Both cards are built on the same Blackwell architecture, manufactured on a 5nm process with an identical 21,900 million transistors. This confirms they share the same underlying silicon generation, which is why their feature sets are so closely matched — the differences between them are about how much of that architecture each card unlocks, not about fundamentally different designs. Both also use PCIe 5.0, ensuring neither is a bottleneck on modern platforms.

Where this group does diverge is in TDP and physical dimensions — and both differences tell an interesting story.

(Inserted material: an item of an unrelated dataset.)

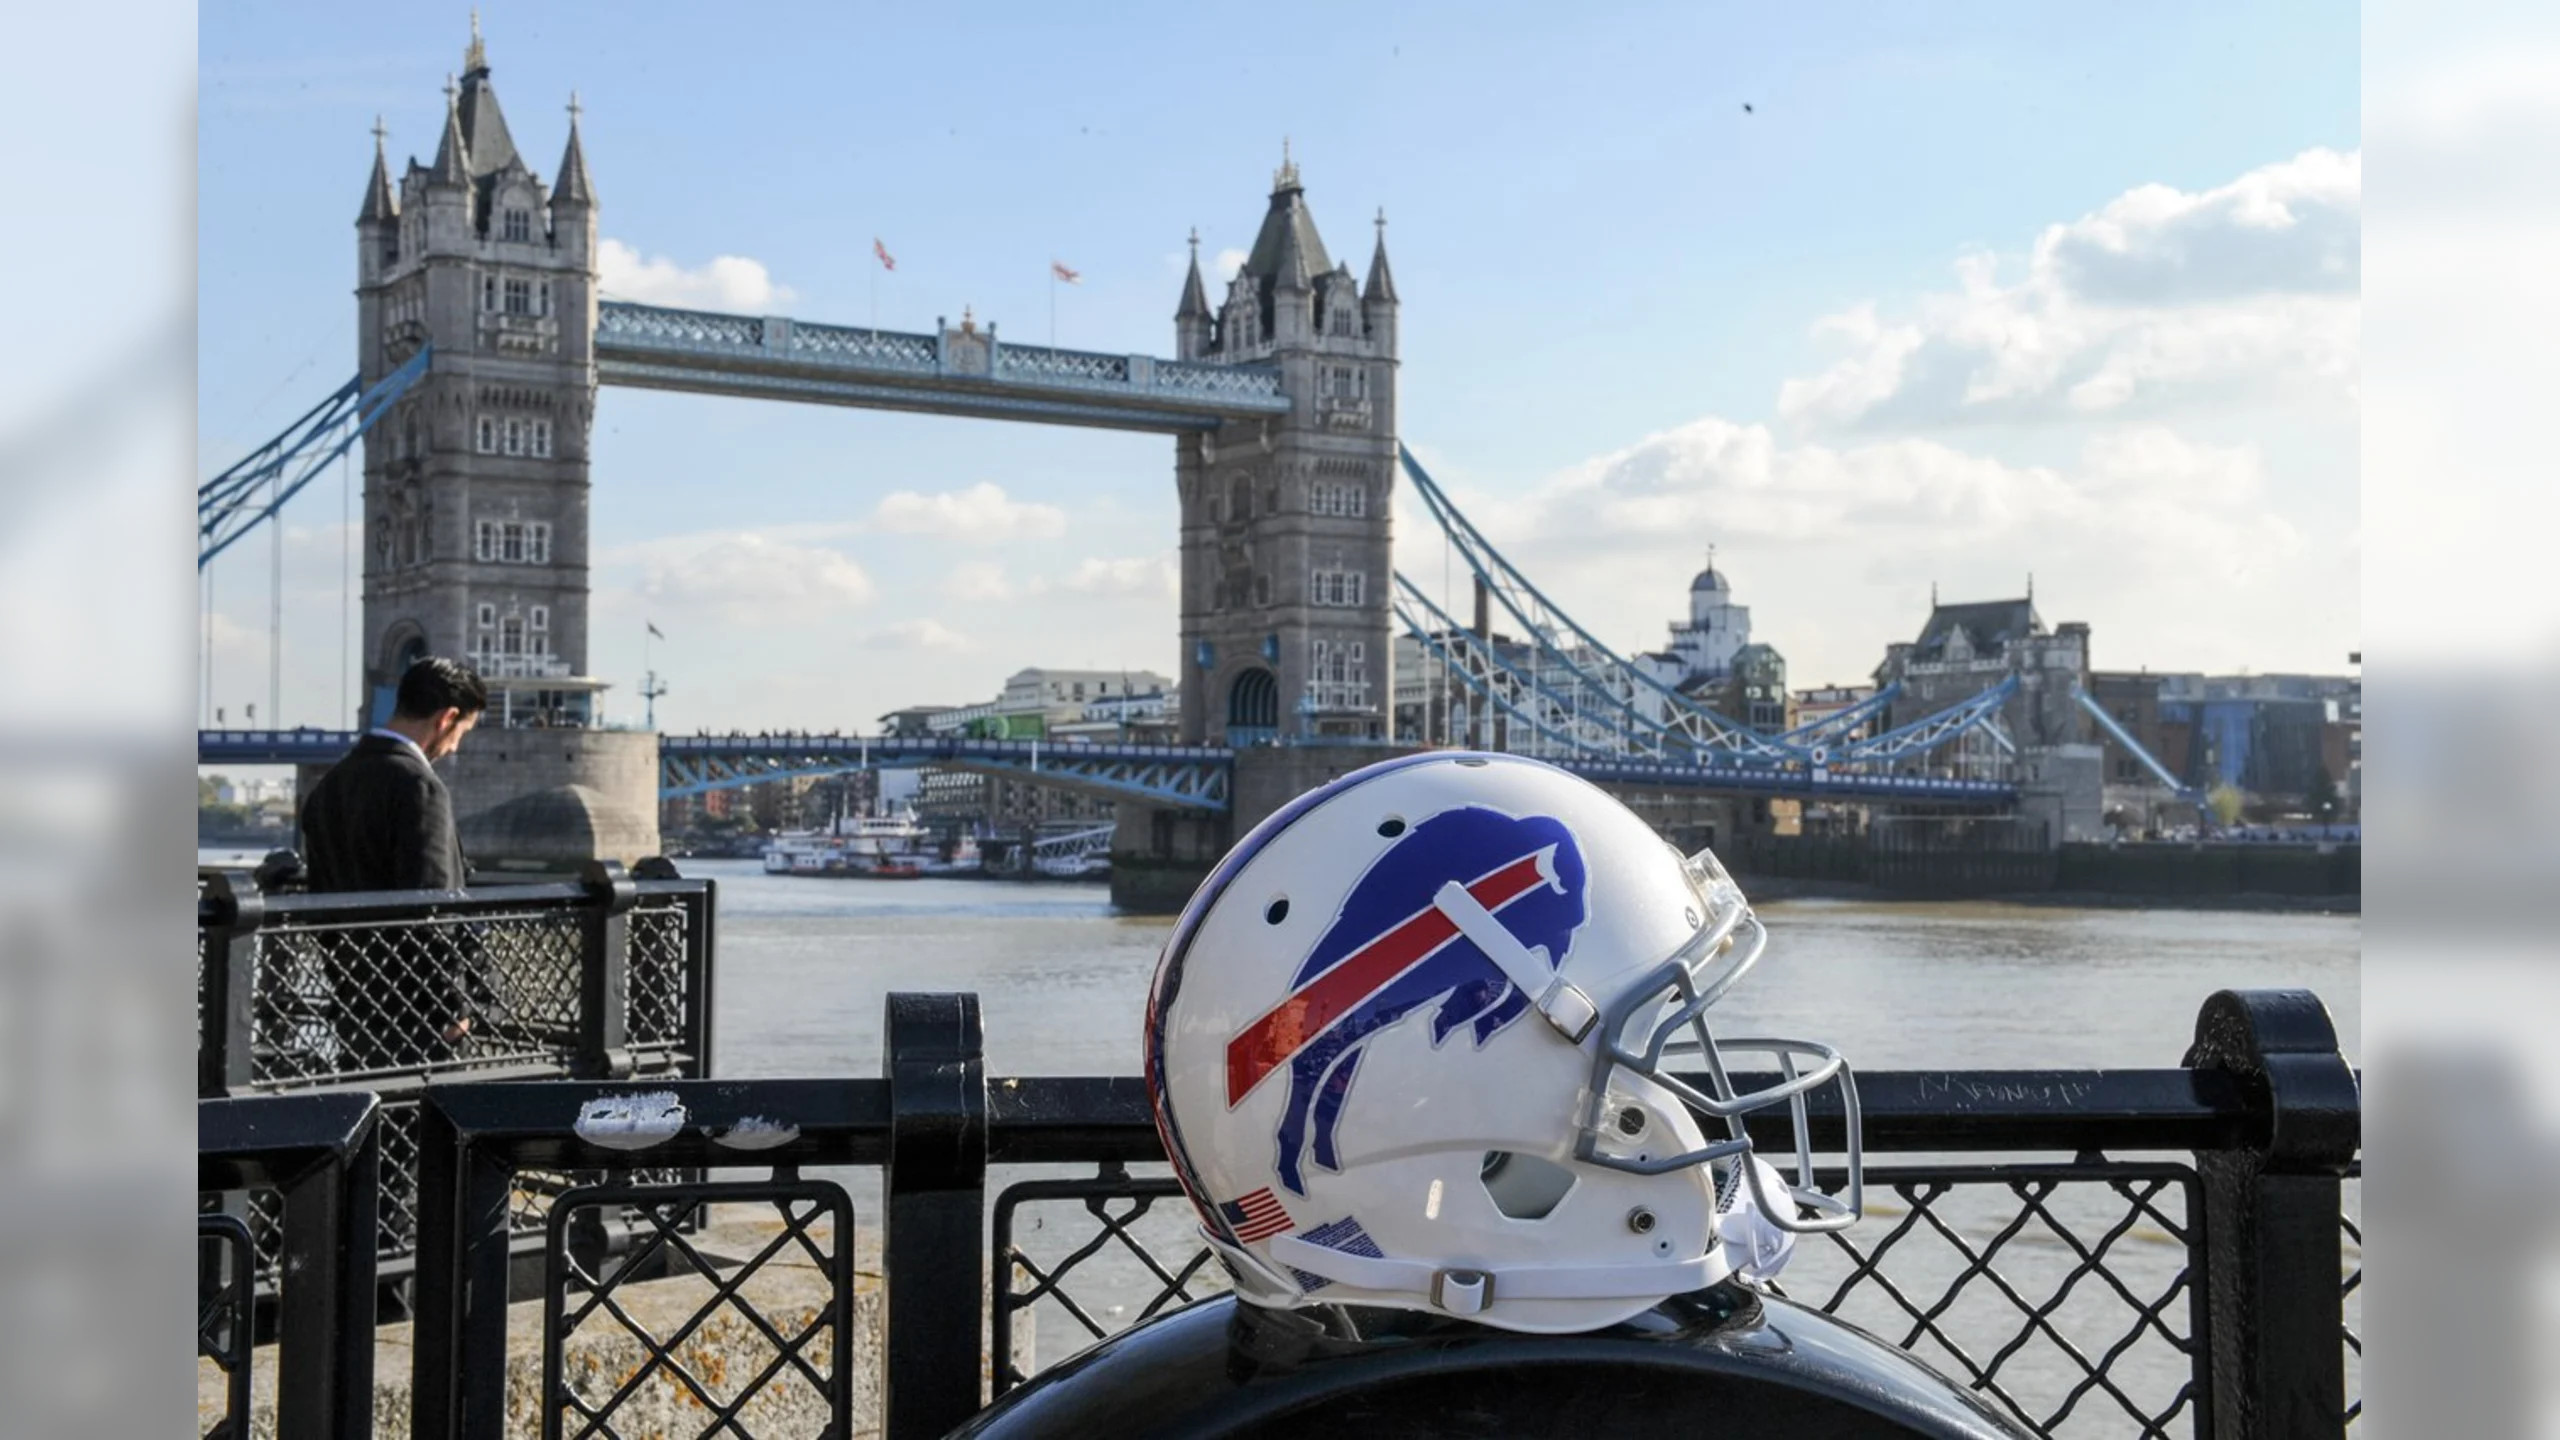 A Bills helmet in front of Tower Bridge in London.

The MSI 5060 Ti draws 180W versus the Asus TUF 5060 OC's 145W, a 35W gap that directly reflects the Ti's larger active shader count delivering more compute throughput. For buyers, this means the 5060 Ti will require a slightly more capable power supply and will generate more heat under load. Paradoxically though, the MSI 5060 Ti is the more compact card at 247mm long, compared to the Asus TUF 5060 OC's notably longer 302mm body. The Asus card is over 55mm longer despite having a lower TDP, suggesting Asus has opted for a larger cooler to manage thermals more conservatively or quietly on the non-Ti chip.

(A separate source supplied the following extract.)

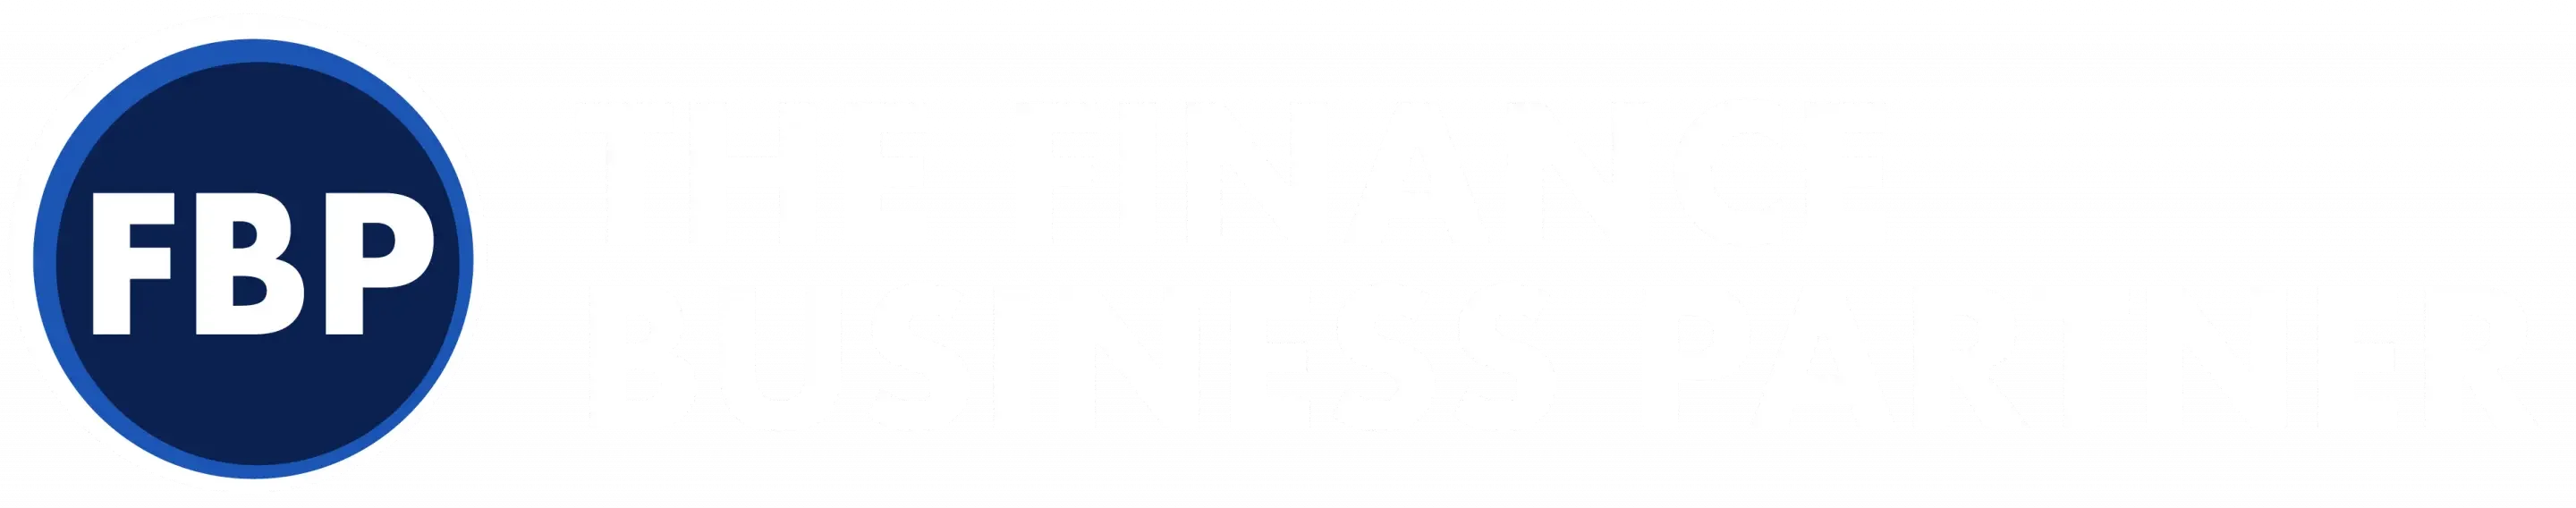 The Finance Business Partner logo

For case compatibility, the Asus TUF 5060 OC's 302mm length is a meaningful consideration — mid-tower cases with dense storage configurations or restrictive GPU clearance limits may struggle to accommodate it, whereas the shorter MSI 5060 Ti at 247mm will fit more universally. On power efficiency, the Asus 5060 OC holds an edge: it delivers its performance envelope within a 145W budget, making it the more power-friendly option. Neither card is a clear overall winner in this group — the trade-offs depend on whether the buyer prioritizes a smaller footprint or lower power draw.

Comparison Summary & Verdict

Both cards deliver the same 8GB GDDR7 memory setup, identical port selection, and an equivalent feature set including ray tracing and DLSS — so neither card leaves you short on fundamentals. The decisive split comes down to performance and power draw. The MSI GeForce RTX 5060 Ti Gaming OC 8GB pulls ahead with 4608 shading units, a texture rate of 381.2 GTexels/s, and 24.39 TFLOPS of floating-point performance, making it the stronger pick for gamers who demand the highest frame rates. The Asus TUF Gaming GeForce RTX 5060 OC Edition, by contrast, operates at a more restrained 145W TDP compared to the MSI's 180W, suiting builders who prioritize a cooler, more power-efficient system. In short, go MSI for peak performance, and go Asus TUF for efficiency-conscious builds.

Asus TUF Gaming GeForce RTX 5060 OC Edition
Buy Asus TUF Gaming GeForce RTX 5060 OC Edition if...

Buy the Asus TUF Gaming GeForce RTX 5060 OC Edition if you want a more power-efficient GPU, as its lower 145W TDP makes it ideal for quieter and cooler system builds.

MSI GeForce RTX 5060 Ti Gaming OC 8GB
Buy MSI GeForce RTX 5060 Ti Gaming OC 8GB if...

Buy the MSI GeForce RTX 5060 Ti Gaming OC 8GB if outright performance is your priority, since its higher shading unit count and 24.39 TFLOPS floating-point performance give it a clear edge in demanding workloads.